Braun: Rutgers-Camden medical school situation is personal, as well as political

Add yet another factor to the emotional politics behind the drive to strip Rutgers University of control over its Camden campus, politics described by one state senator as "the beginning of a new civil war": The personal. The rejection that the powerful Norcross family of South Jersey felt at the refusal of the universitys president to take over the new Cooper Medical School in Camden.

"Rutgers could have had the medical school some years ago," said State Sen. Donald Norcross (D-Camden), the prime sponsor of the bill that aims to "reorganize" higher education in the state but also results in the first real threat to the autonomy and structural integrity of Rutgers University in its 56-year history as it is called under the law, "The State University of New Jersey."

"For whatever reason, they decided not to," said Norcross, whose brother George is political boss of South Jersey.

Through the efforts of Senate President Steve Sweeney (D-Gloucester) and the demands of Gov. Chris Christie, the bill is racing through the Legislature without so much as a pause to think of its price tag. The other day, the five senators on the Senate Higher Education committee voted for the bill, although the three Democrats and two Republicans admitted like Donald Norcross did they had no clue how much money it would cost. Critics have put the price at a quarter-billion dollars, maybe more.

Donald Norcross blamed the Rutgers "bureaucracy" for rejecting Cooper Medical School, but that bureaucracy is headed at least until the end of the month by outgoing president Richard McCormick.

McCormick, despite the reluctance of his governing boards and the opposition of faculty and many students, has pushed hard for the part of the bill that permits the universitys takeover of the Central Jersey operations of the University of Medicine and Dentistry of New Jersey (UMDNJ) even at the price of losing the Camden campus. Rutgers briefly had a medical school until 1971 when the state took it over as part of UMDNJ; regaining it would be McCormicks legacy.

The bill, as written by Sweeney, adds another sweetener the Rutgers takeover of UMDNJs Newark assets, giving Rutgers two medical school campuses. That part of the bill led to the comment about "civil war" when state Sen.

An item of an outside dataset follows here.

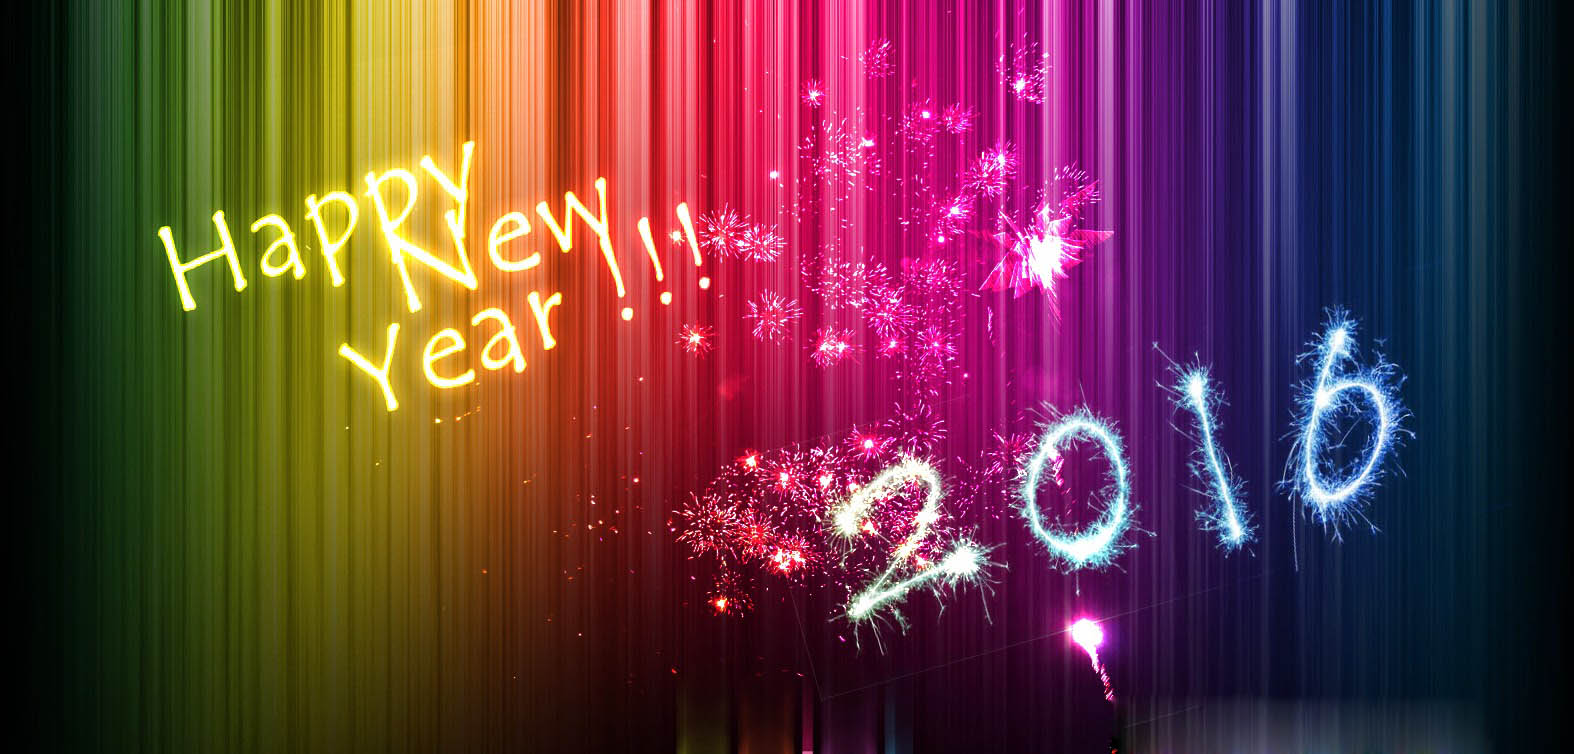 Happy New Year 2016 Colorful Background Wallpaper

Ronald Rice (D-Essex) implored the committee to hold the bill.

But the unanswered question hanging over the legislative hearings and the entire proposal is this: If it is good state policy for New Jerseys state university to take over medical education in Newark and Piscataway, why not in Camden?

Donald Norcross, in an interview after he testified before the Senate Higher Education Committee, answered: "Why would we want to empower Rutgers to take over an asset of Rowan University?"

Rowan University, a former state teachers college whose biggest major is still teacher education, had agreed to take in the medical school after McCormick declined. "Rowan has done a good job," Norcross said.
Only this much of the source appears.